According to Mobius, the biggest challenge when working in emerging markets and focusing on governance is “to obtain the cooperation of the management of these companies to help with these ESG factors.” He explains that if management is not willing to engage towards improved ESG performance, MCP will not actually invest. “APL Appollo was very keen to take action.”

Benevolent Dictators and Corruption

Focusing on the role of sustainability factors in emerging and frontier markets more generally, Mobius acknowledged the presence of governance issues. However, he made light of the illiberal political systems overseeing many of these economies, seemingly ignoring the potential for any connection between undemocratic regimes and corruption, geopolitical instability, and human rights violations. As an issue that remains important, not least in the Middle East and China, his seeming endorsement of undemocratic regimes did not go unnoticed.

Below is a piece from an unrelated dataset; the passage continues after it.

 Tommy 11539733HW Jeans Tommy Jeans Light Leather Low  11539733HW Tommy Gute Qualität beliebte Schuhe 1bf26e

“The democratic framework is not very common in emerging markets,” Mobius explains. However, his experience is that most people around the world would echo Aristotle‘s words that “the best government is a benevolent dictatorship. This is a preference that you see in a lot of the emerging market countries. They want to have a strong one-man or one-party rule,” he explains. “You see that in Singapore, in China and many other countries.” Discussing the system in Dubai, where he is based, Mobius remarks that “the leadership is very cooperative and mindful of the benefits to the citizens of the country,” he adds.

“That does not interfere with our cooperation with companies,” he says. “We find that companies are willing to work with us and improve, without interference from the government in any direction. The government structure is important. A benevolent dictatorship and a benevolent one-party rule are not bad. It is often good. We look at how the rules and regulations are formulated and most importantly, whether the rule of law is credible.”

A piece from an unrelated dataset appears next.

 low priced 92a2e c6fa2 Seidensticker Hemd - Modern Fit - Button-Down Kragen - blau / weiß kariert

Instead, the veteran investor chose to relativise the problem of corruption in these markets, seemingly treating it as an exogenous factor. “Corruption is with us around the world, in democracies and dictatorships, even in the US.” According to Mobius, “you have to work around it, realise it exists and look for it.” Nevertheless, he did warn prospective investees that MCP has zero-tolerance for corruption. “One of the things we examine very carefully when looking at companies is the degree to which they are engaging in any kind of corruption. This would be a ‘no, no’ and we would exit the company immediately,” he said.

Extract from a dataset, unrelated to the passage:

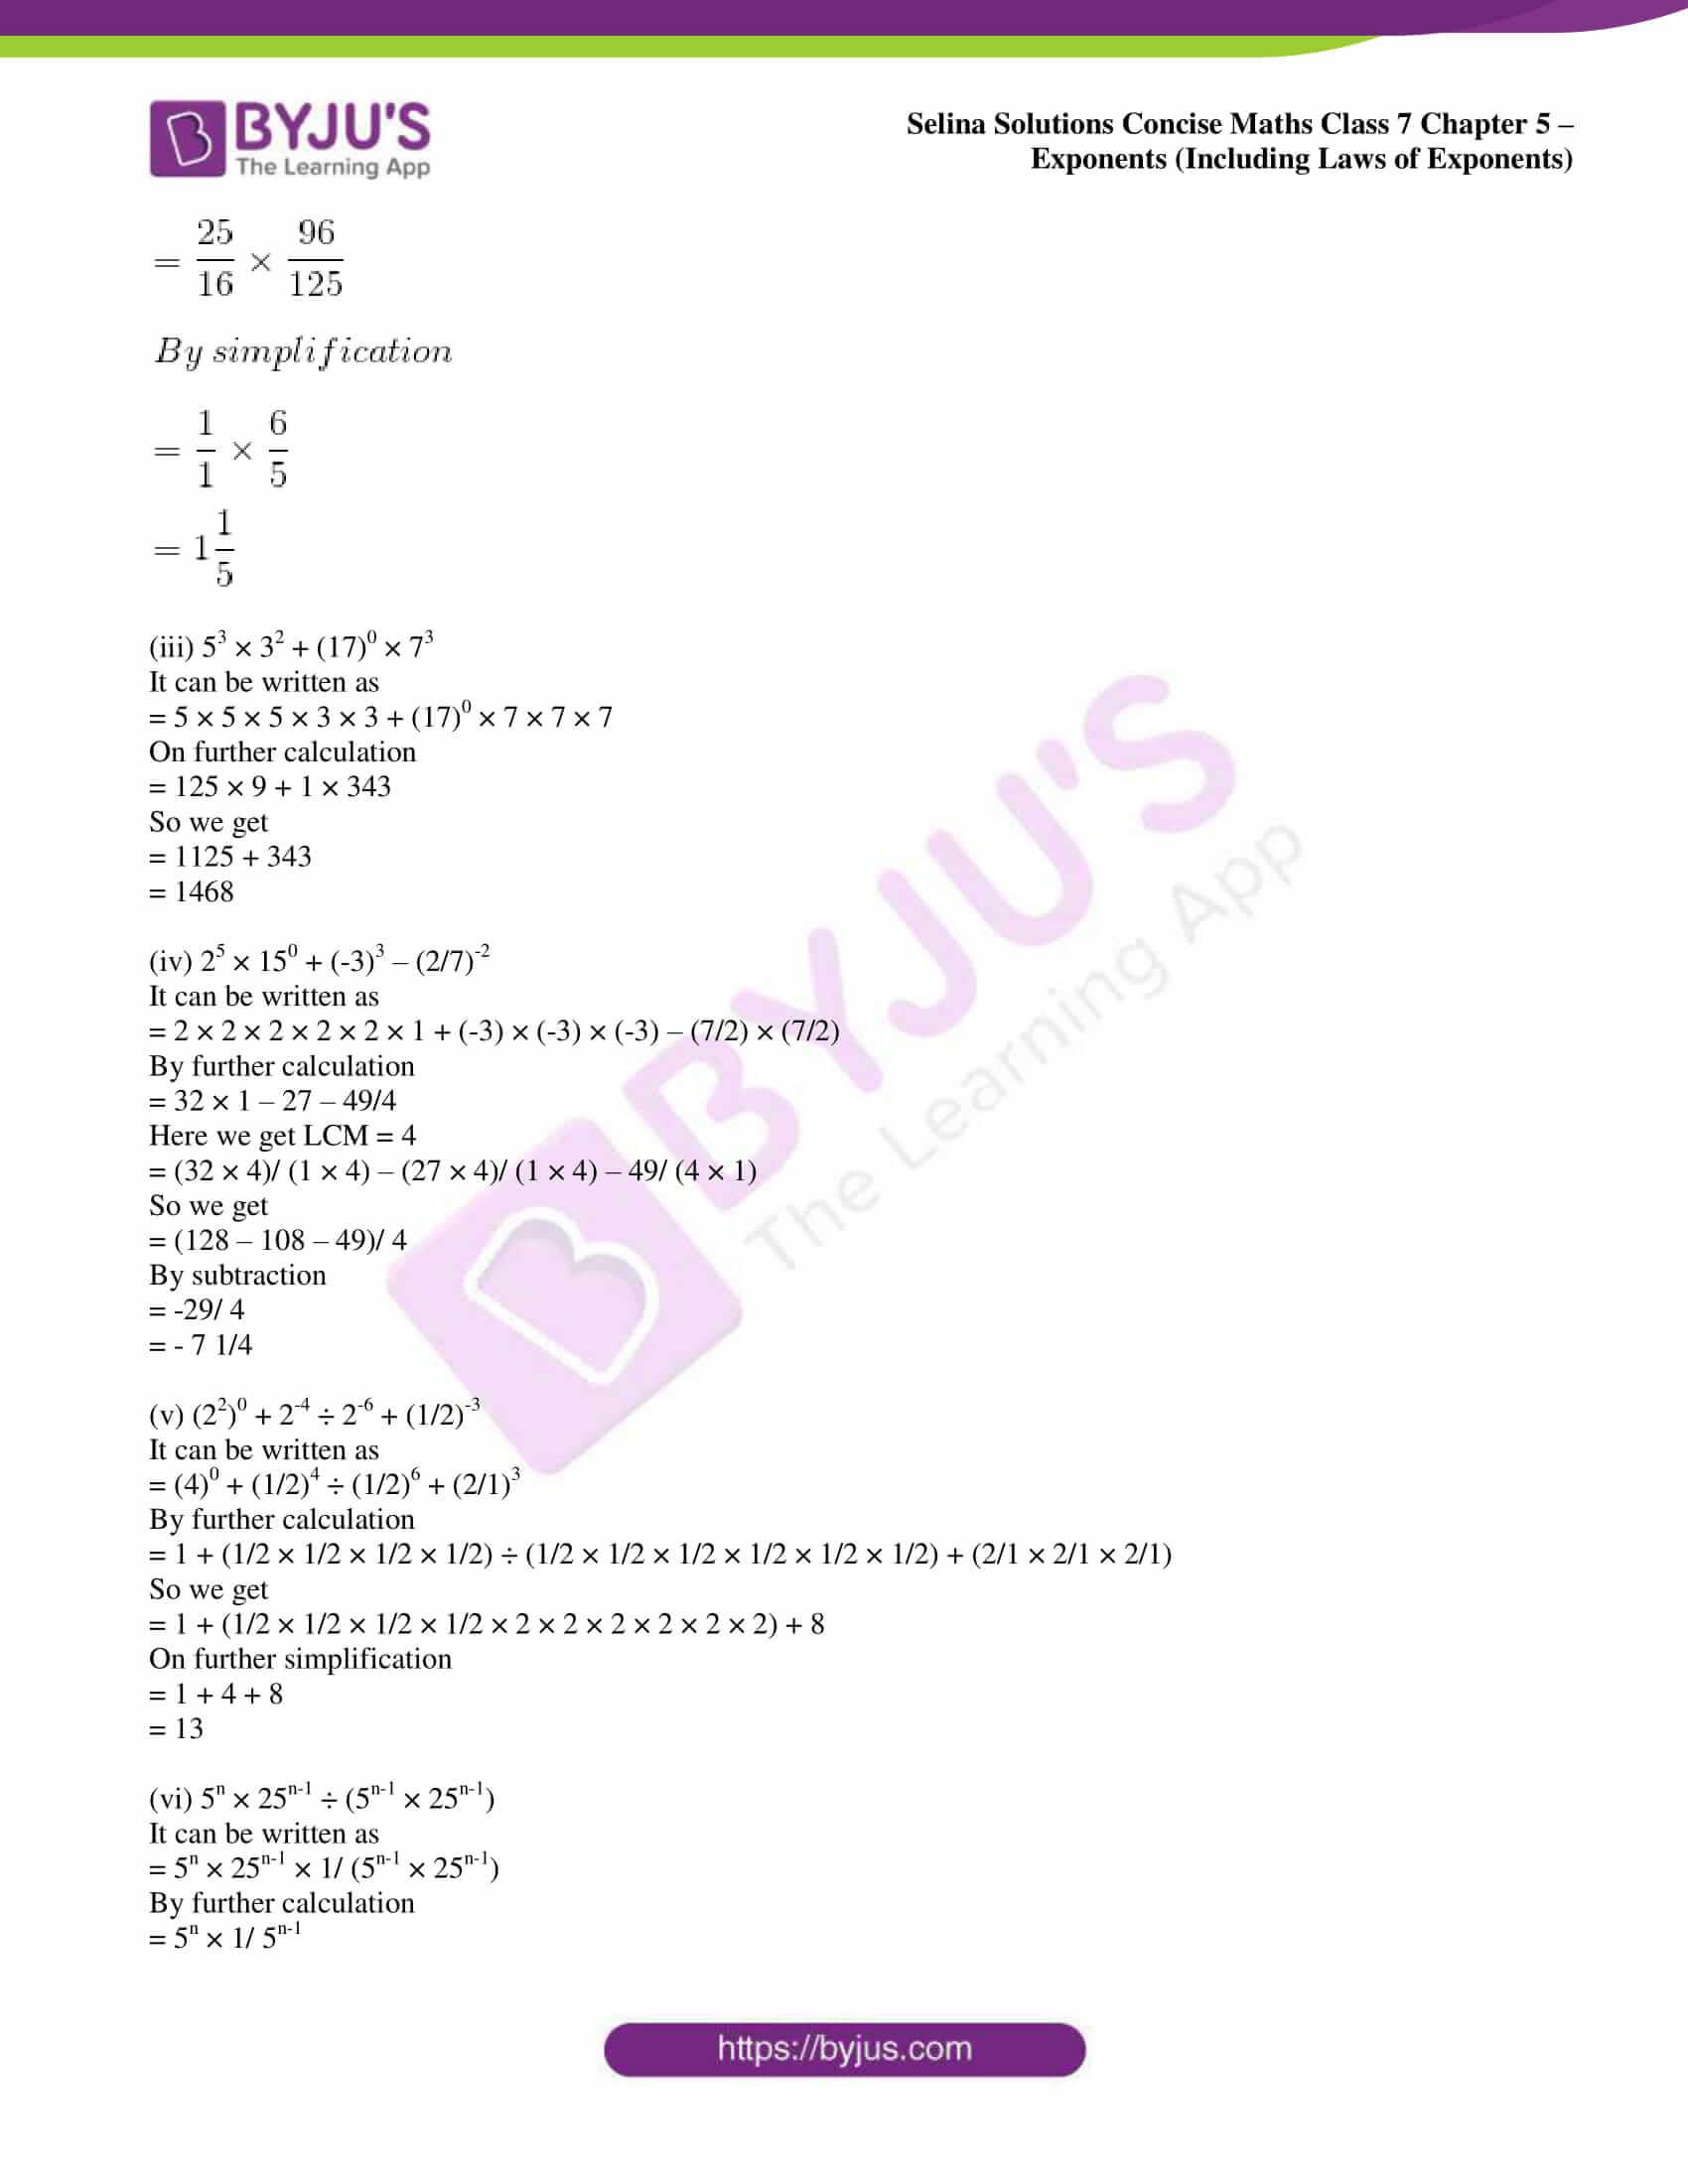 selina sol concise maths class 7 ch5 ex 5b 13

However, Mobius recognises that that assessment is complicated in emerging markets and requires engagement with local stakeholders beyond the investee. “It’s important to talk to the company, but also to their competitors, their customers, and anyone else who can tell you something about the environment and the company’s behaviour. That’s why some of the ESG factors are very important. If you examine the social framework – how the company treats its customers and its neighbours – you can gather a lot of information critical to evaluating the company. You cannot just depend on what the company is telling you. You have to go into the street and talk to the people that are dealing with the company or being impacted by the company in some way.”